The table below should be read as: If I want to select a value from the [first col - **Select**] (i.e., if I want to select a column or multiple columns or rows conditionally, etc.,) then I should use the syntax in the [second col - **with Index**], and an example is shown in the third column.

So, if you want to select **multiple columns**, you have to use a **``List`` of column names**. An example of doing this is shown in the third row.

| **Select** | *with* **Index** | Syntax (example)|
| :----- | :----- | :----- |
| A column | column name (``str``) | ``df['symbol']``|
| Multiple columns| ``List`` of column names  | ``df[ ['symbol', 'atomic_mass] ]``|
| A row  | slice | ``df['Helium':'Helium']``|
| Multiple rows | slice  | ``df['Helium':'Beryllium']``|
| Rows conditionally | boolean ``List``  | ``df[[False,True,False,True,False]]``|
| Rows conditionally | boolean ``List`` (condition) | ``df[ df['atomic_mass']<5 ]``|

Notice the pattern: we use lists to access columns, and slices or boolean lists to access rows.
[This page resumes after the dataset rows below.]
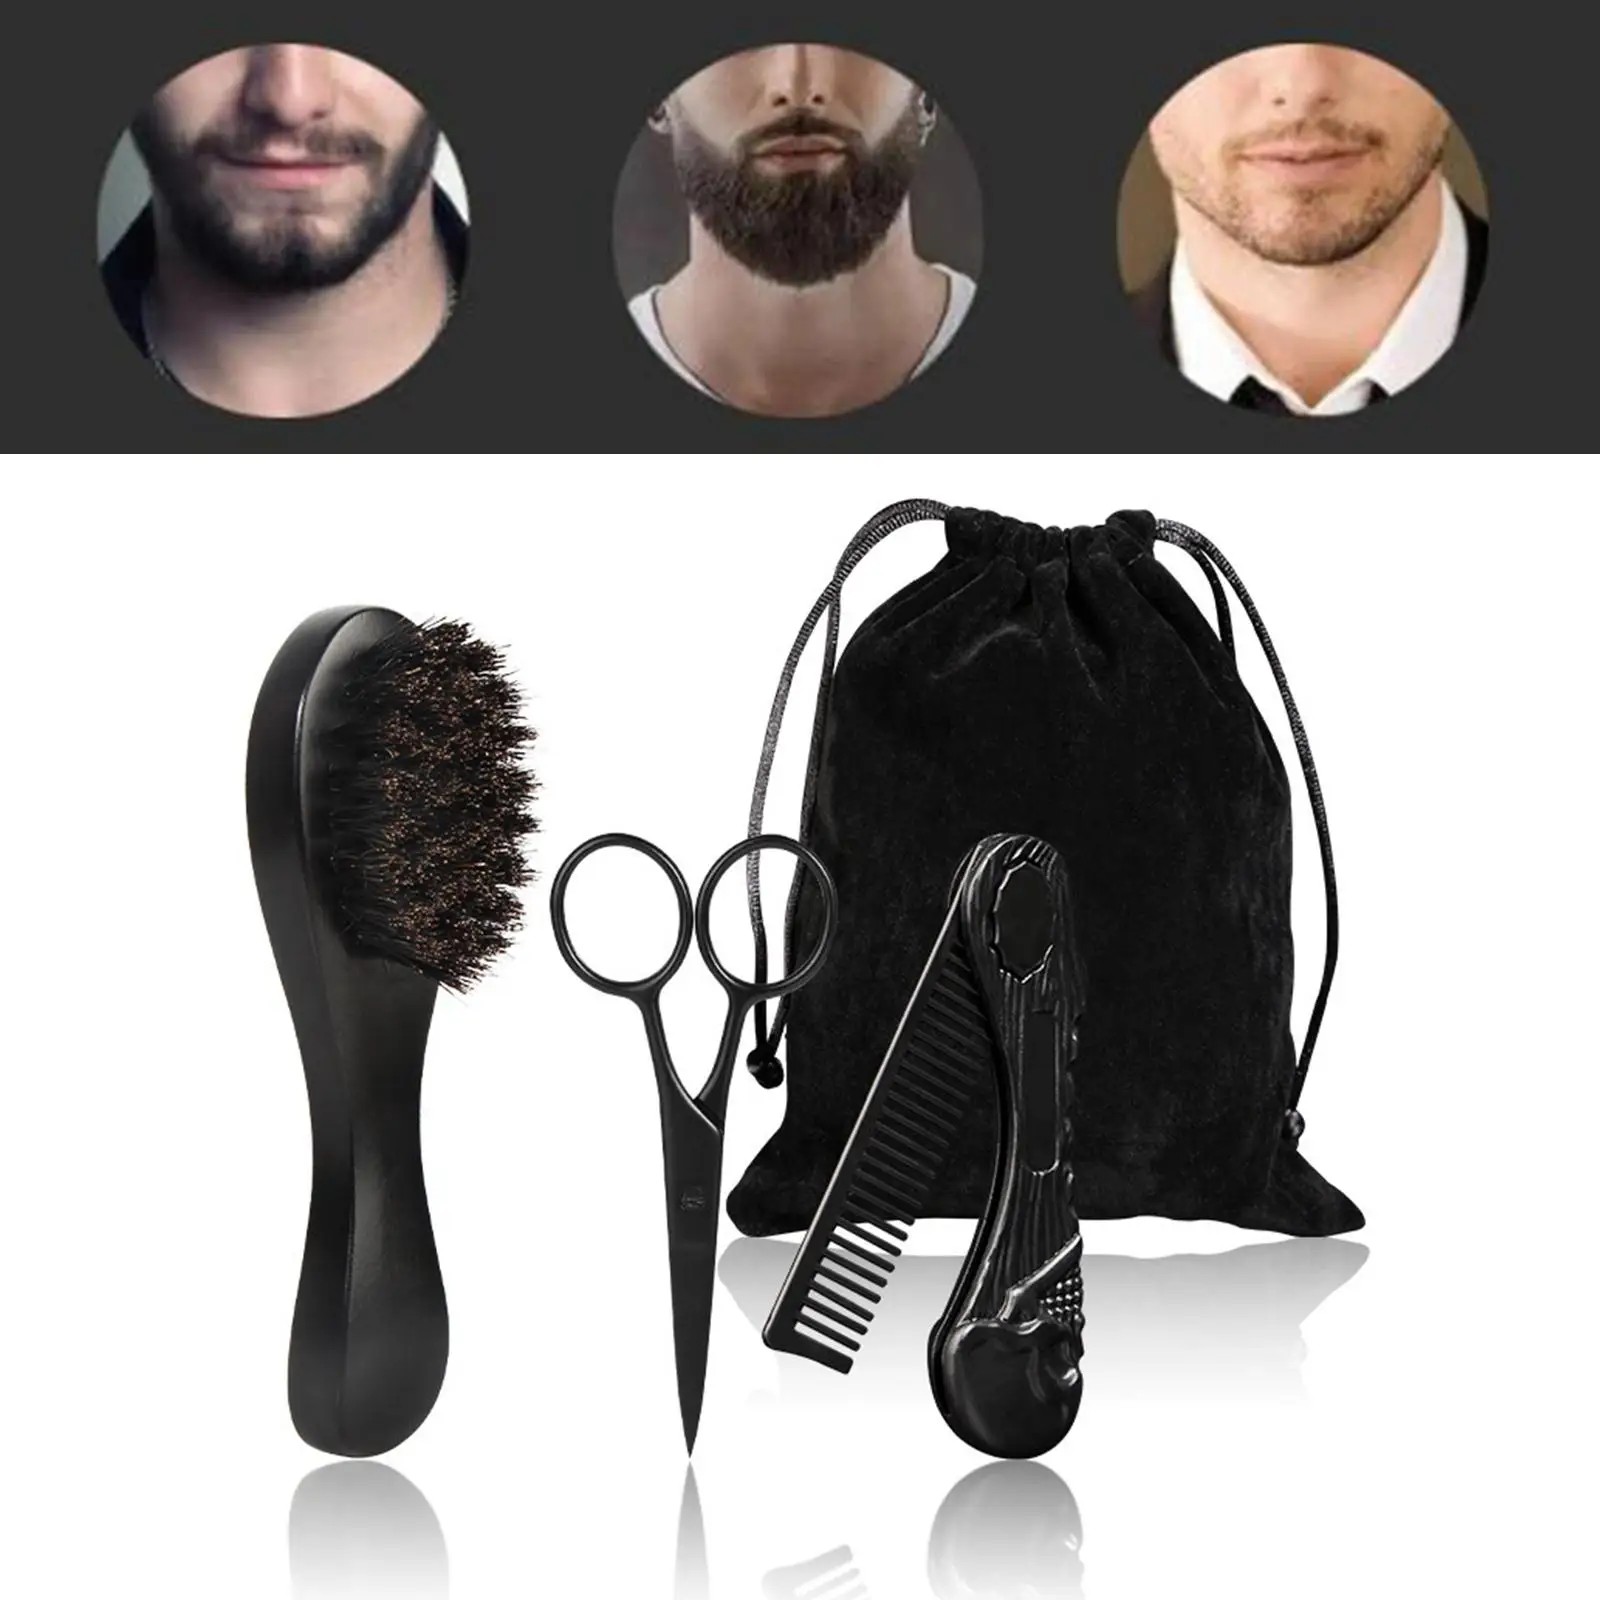 3x Professional Men Beard Care Kit Gift Wooden Comb Brush with Dustproof Bag for Men`s Travel Home Cleaning Grooming Tool
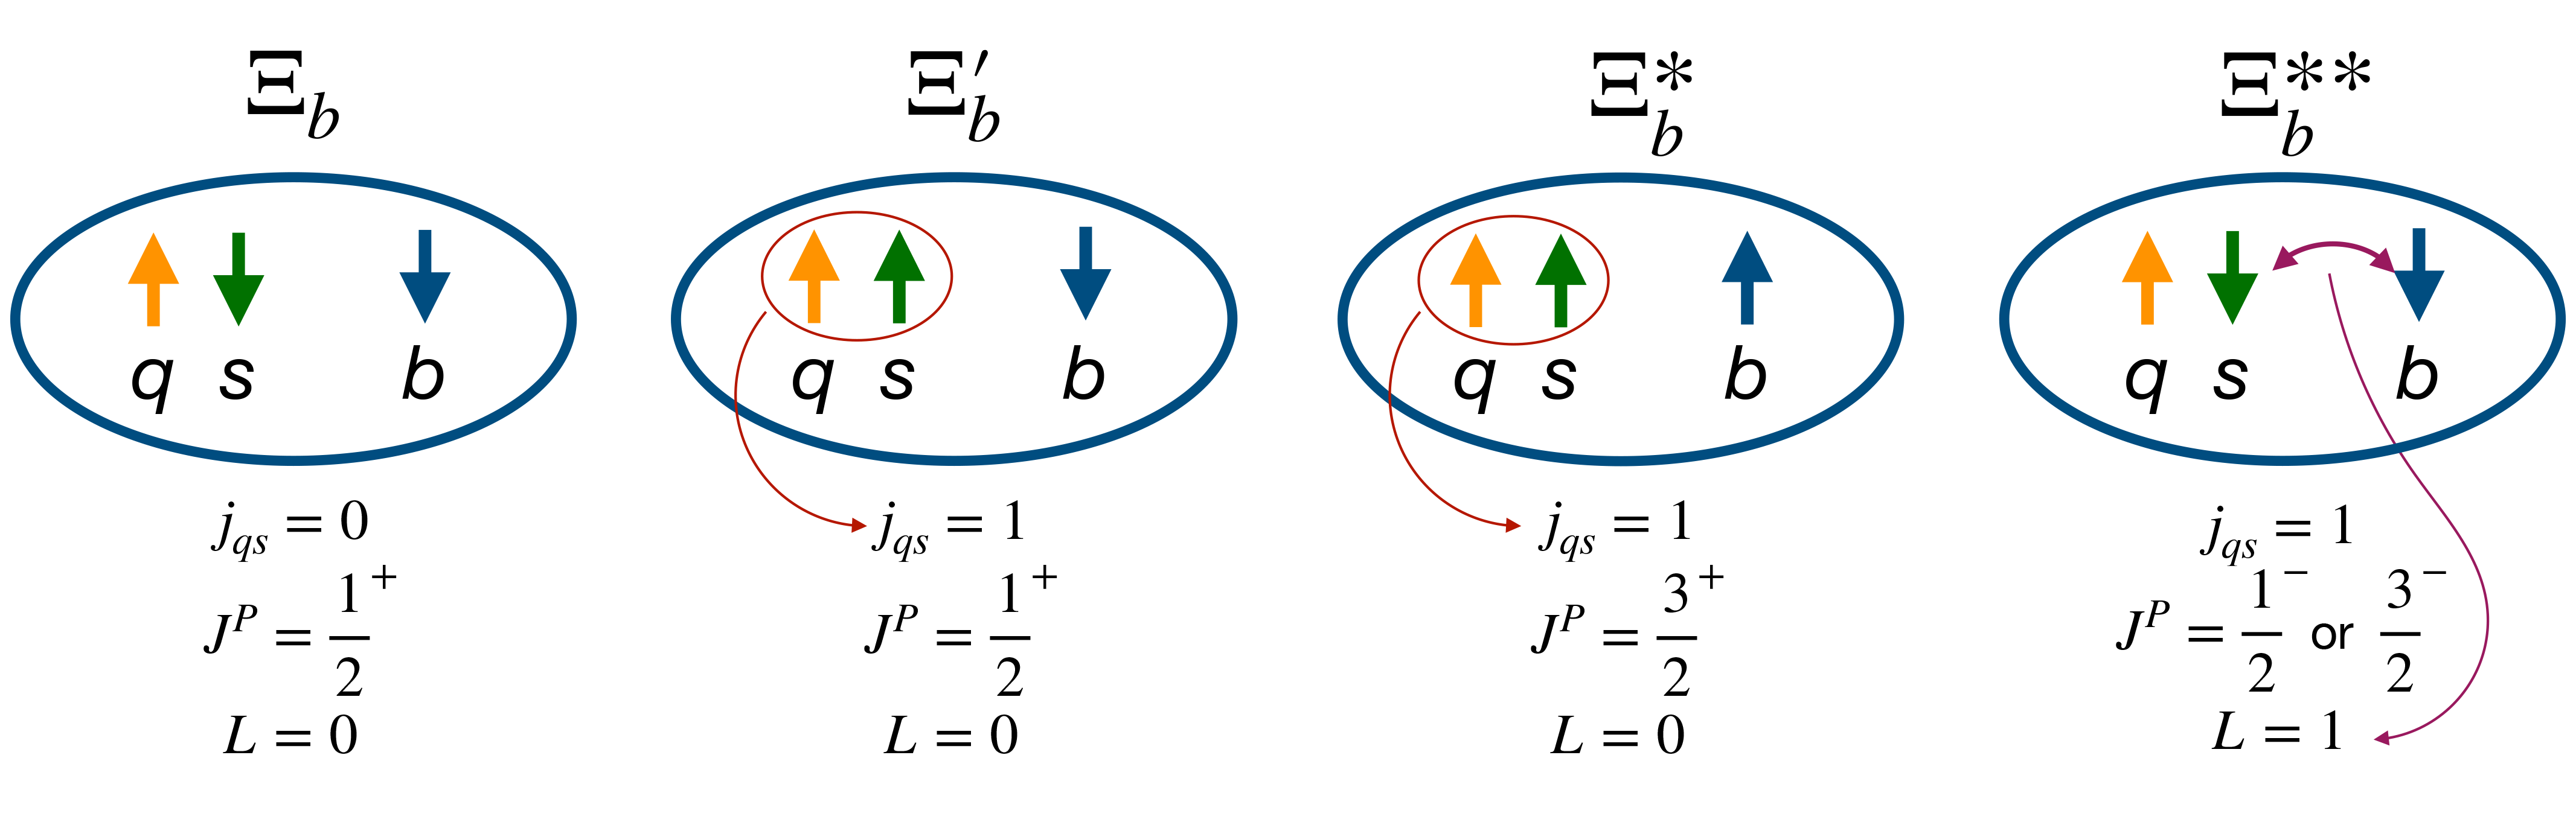 same quark content can still create different mass in isodoublets
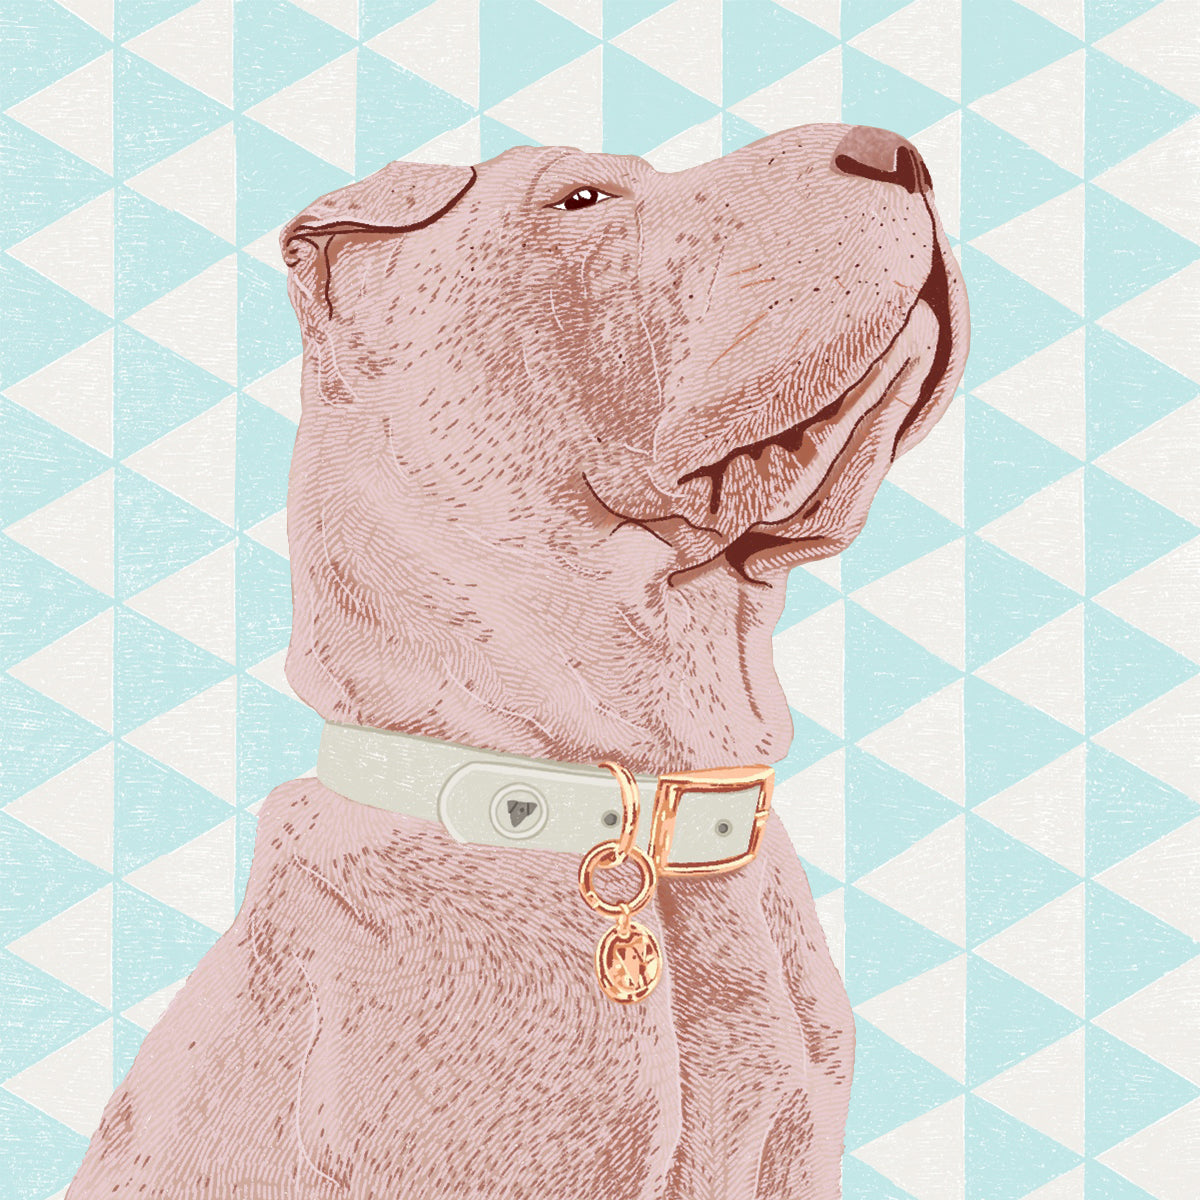 A digital portrait of Juno, a white Shar Pei, wearing a Valgray for Dogs luxury dog collar. The artwork shows Juno in a designer, 100% waterproof bone grey and yellow gold dog collar with tags on a blue patterned background.

Try out each method of indexing!

In [None]:
df['symbol']
# df[['symbol','atomic_mass']]
# df['Helium':'Helium']
# df['Helium':'Beryllium']
# df[[False,True,False,True,False]]
# df[ df['atomic_mass']<5 ]

### Indexing with ``loc``

``loc[]`` can be used to access a group of rows and columns by their labels. The labels for the rows and columns can be specified by either a single label, a list of labels, or a slice.

| **Select** | *with* **Index** | Syntax (example)|
| :----- | :----- | :----- |
| A group of rows and columns | slice/label/``List``, slice/label/``List`` | ``df.loc['Helium':'Boron',['symbol','atomic_mass'] ]``
| A row | slice/label/``List`` | ``df.loc['Lithium']``|
| A column | ``:``, slice/label/``List``  | ``df.loc[:,'symbol']``|

Try out each method of indexing!

In [None]:
df.loc['Helium':'Boron',['symbol','atomic_mass'] ]
# df.loc['Lithium']
# df.loc[:,'symbol']

### Indexing with ``iloc``

``iloc[]`` is a purely integer-location based system for selecting positions. Instead of using labels, the data frame is indexed by integers with the top left being $(0,0)$. The integer indices can be an integer, list of integers, or slice. 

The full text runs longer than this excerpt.